We had only just begun our research in the Bering Strait and into the Chukchi Sea Wednesday when word came up from the Chief Scientist that one of the researchers was suffering severe lower back pain.  After consultations it was decided that we should divert from our research program and transit immediately towards Point Barrow to discharge the patient ashore to obtain medical attention.  Though not an emergency it was important for the patient to get more advanced medical attention as soon as practicable.  Arriving off Point Barrow Thursday morning the initial plan was to stand off and carry out a boat transfer, however sea conditions precluded a beach launch and recovery necessary off Barrow and could have exacerbated the patient’s ailment.  We stood off about 6 miles from shore to wait the weather.

Just by happenstance two USCG Jayhawk helicopters were in Barrow on training.  Though the patient onboard RV Mirai was not suffering life-threatening injury, North Slope Borough Rescue requested one of the helicopters to assist in a medevac from the ship. (For a number of years now USCG District 17 has conducted annual Operation Arctic Shield redeployment and pre-positioning of a number of search and rescue assets, however this year budget restrictions precluded the actual operational deployment of assets to Point Barrow for the duration of the navigational season). The flight crew took up the request and in typical professional manner USCG Rescue 60003 launched from Rogers Memorial Airfield in Point Barrow and headed towards RV Mirai just offshore.  Once overhead the crew contacted RV Mirai, discussed the situation with the Ice Navigator onboard acting as communications link, decided on hoisting from the after deck and then lowered a rescue swimmer when the ship was ready.  In short order the patient was secured in a stretcher and he and his personal effects were hoisted into the helicopter above.  He would soon be under professional medical care and with his wife who had flown in from Seattle the same morning to be with her husband.

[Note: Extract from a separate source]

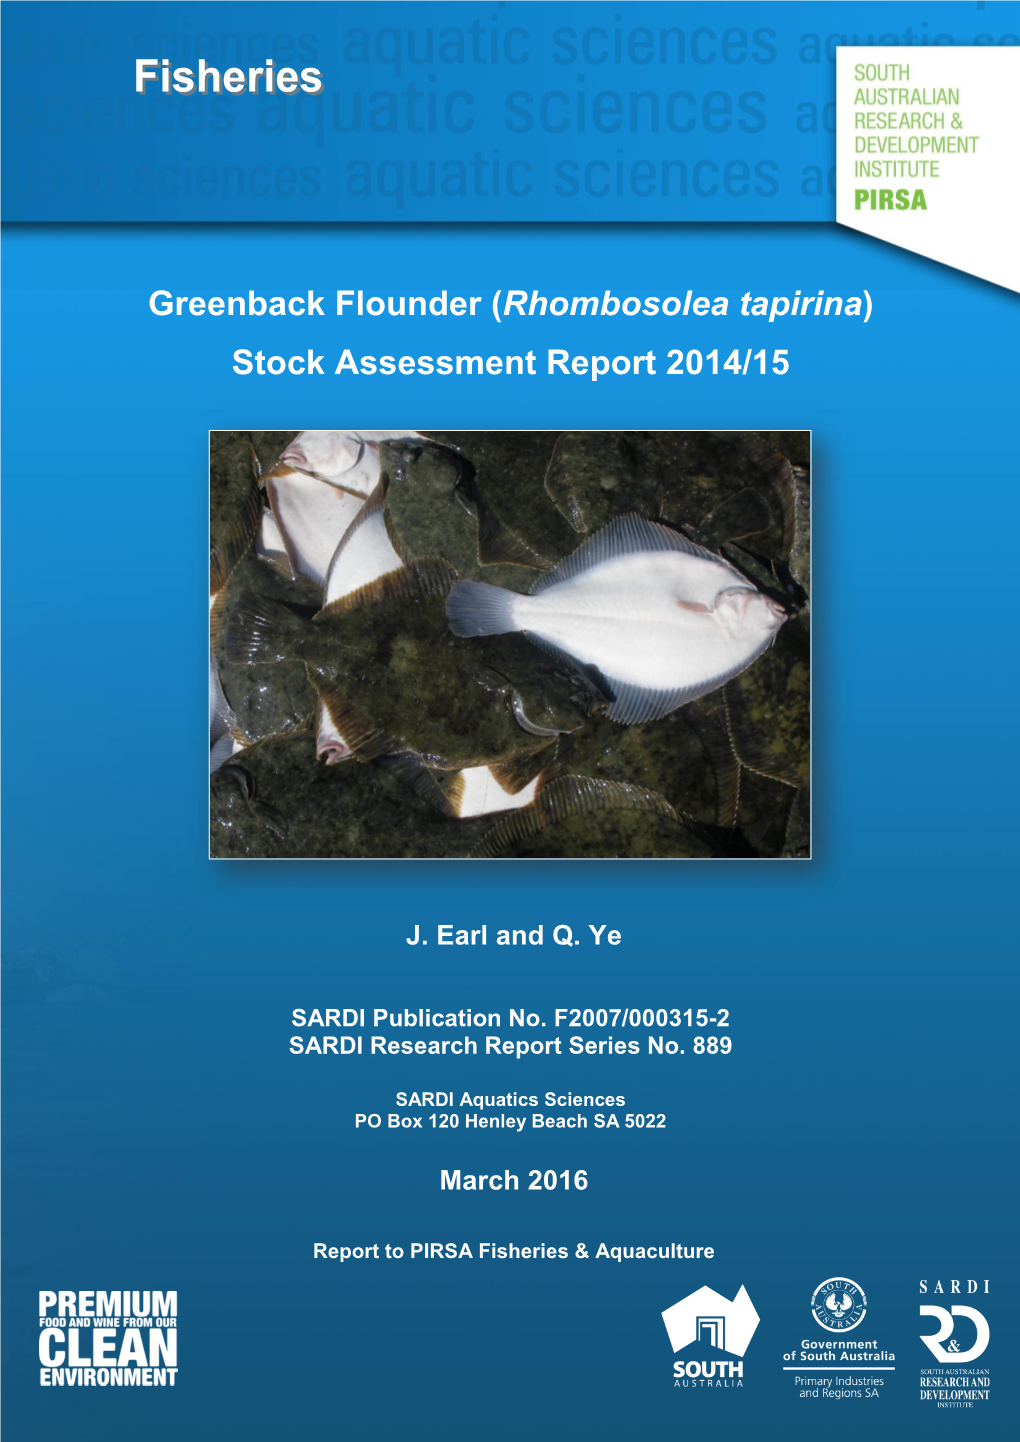 Greenback Flounder (Rhombosolea Tapirina) Stock Assessment Report 2014/15

In our case we were fortunate that a USCG training mission was going on when we required assistance.  Obviously that is not normally the case.  Those familiar with operating in the Arctic know well how remote the region is, how little infrastructure exists to provide support or assistance to vessels in these waters.  There are no professional search and rescue assets permanently positioned in the North American Arctic.  Though the USCG has attempted to pre-position some assets north of Kodiak as part of Operation Arctic Shield annually, budget restrictions have limited the effort.  The only time that RCAF air assets have been pre-positioned in the Canadian Arctic has been during short annual two week DND led exercise Op Nanook in the central and eastern Canadian Arctic.  Within the Canadian archipelago if you aren’t within range of one of the five CCG icebreakers assigned in the summer, you are just as alone.  CCG helicopters carried by the icebreakers are not equipped for SAR nor are the crews trained for SAR. The small communities that exist at best are limited to small boat resources manned by volunteers, but not much else.  If ship repair is required, no facilities exist between Dutch Harbor and Nuuk Greenland.

Polar traffic is undeniably increasing.  Perhaps not exponentially as some media would want to make us believe (there are no other ships within a day’s steam of RV Mirai), but traffic numbers are increasing incrementally.  There are after all at least 7 government ships from different nations conducting research in the Arctic Ocean at present.  The most frightening is the increase in the number of “adventurers” or “pleasure boaters” attempting “the voyage of a lifetime”.  These are the non-professionals that generally have far less self-rescue capability than commercial vessels.  In conceiving of and implementing Operation Arctic Shield, the United States Coast Guard is making whatever steps it can to be prepared for emergencies at sea in the growing summer navigational season.  Across the border however, the RCAF, responsible for air search and rescue assets has not yet put in place even temporary seasonal pre-positioning of helicopters as their American counterparts have except to support government training exercises. 

In 2010 the Arctic Council announced a new groundbreaking agreement on Arctic Search and Rescue with much fanfare. The agreement carved the Arctic into regions of responsibility for monitoring, alerting and response to search and rescue incidents and assigned these to Canada, United States, Russia, Norway, Iceland and Denmark (Greenlandic).  However since the agreement little has been achieved in efforts to improve infrastructure or capability.  In October I will be moderating a panel to discuss the state of Arctic Search and Rescue at the Arctic Shipping Forum North America in St. John’s, Newfoundland.  Interestingly representatives of the many of the Arctic coastal states agencies responsible for SAR have been reluctant to commit to participate.

We were fortunate Thursday.  We were in the right place at the right time.  Many others may not be so fortunate when sailing in Arctic waters.  It’s not a motorway with auto club service thirty minutes away.